Stars are found in galaxies and our star, the Sun, is located in the Milky Way galaxy.

When we look up from a dark location, we can see a band of light stretching across the sky. That is the Milky Way. We’re actually looking at it edge on from the inside. So, we really can’t directly see what it looks like. But we do know that our Milky Way is a barred spiral galaxy some 100,000 light years across. The Milky Way has a bar at its center and two main spiral arms (Scutum-Centaurus and Perseus) coming off the bar. The Sun is around ½ of the way out from the galactic center in the Orion spur near the minor Sagittarius arm of the Milky Way.

The Milky Way is found in the local group of galaxies along with around 50 or more other members. Our galaxy is one of the two large spiral galaxies in the local group. The other is Andromeda, which is moving toward us and will collide with the Milky Way to create the Milkomeda galaxy in another 4 ½ billion years. It will then take up to 3 billion years for them to merge completely. Remember to duck.

It is not completely clear which came first, galaxies or stars. In any event it is gravity that binds stars together in galaxies. When we look at the cosmic microwave background (radiation left over from the early universe), we see that the universe is not completely smooth. There are patches that are hotter and patches that are colder. Astronomers believe that the hotter patches eventually formed galaxies and galactic clusters. The cooler patches became voids.

Not all galaxies look the same, and they tend to come in three primary shapes (Elliptical, Spiral, or Irregular). The Milky Way and Andromeda are both examples of spiral galaxies. Once they merge, Milkomeda will be an elliptical galaxy. The two satellite galaxies of the Milky Way, the Large and Small Magellanic Clouds, are both irregular galaxies.

Most, if not all galaxies, have supermassive black holes at their center. This includes the Milky Way with Sagittarius A*. The first ever image of our black hole was taken just a few months ago.

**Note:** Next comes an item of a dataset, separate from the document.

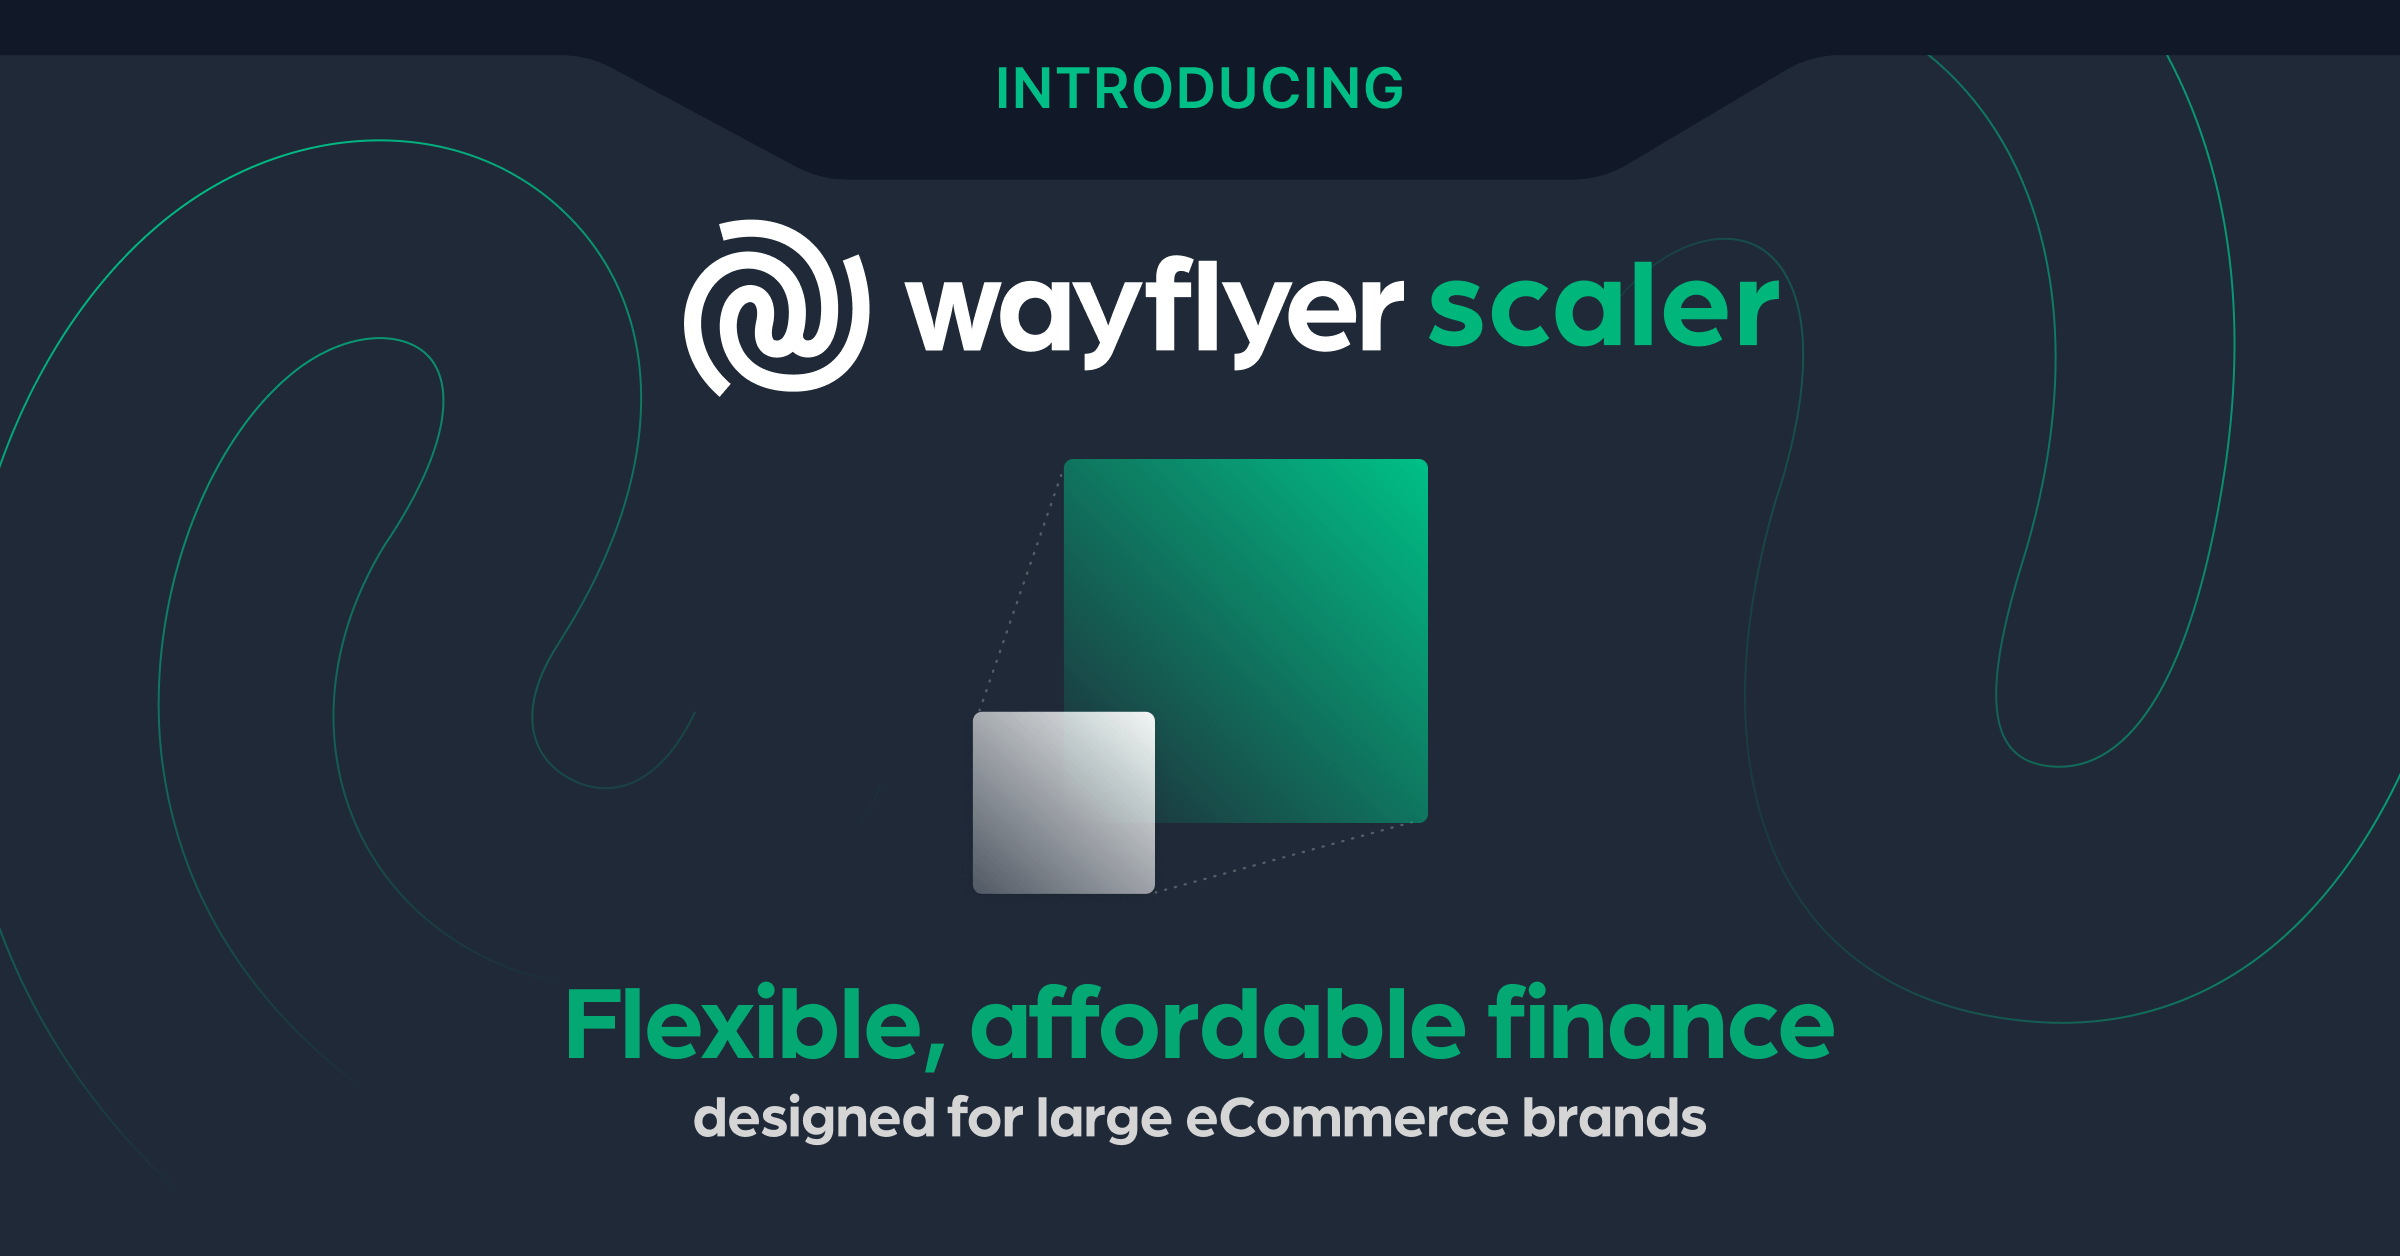 Ankündigung von Wayflyer Scaler: Unser neuestes Angebot, um die Probleme bei der Beschaffung von Geschäftskapital für große E-Commerce-Unternehmen zu lösen

When early galaxies were forming, these black holes began pulling in huge amounts of material as they grew larger and larger. The galactic material swirled around the black holes as an accretion disk, but it was so much material that they couldn’t absorb it all at once. The friction from the material falling into the black hole heated up the accretion disk so much that it began to emit high energetic electromagnetic radiation. We see this radiation in the distant part of the universe as extremely bright quasars, and they are evidence of early galaxies being formed.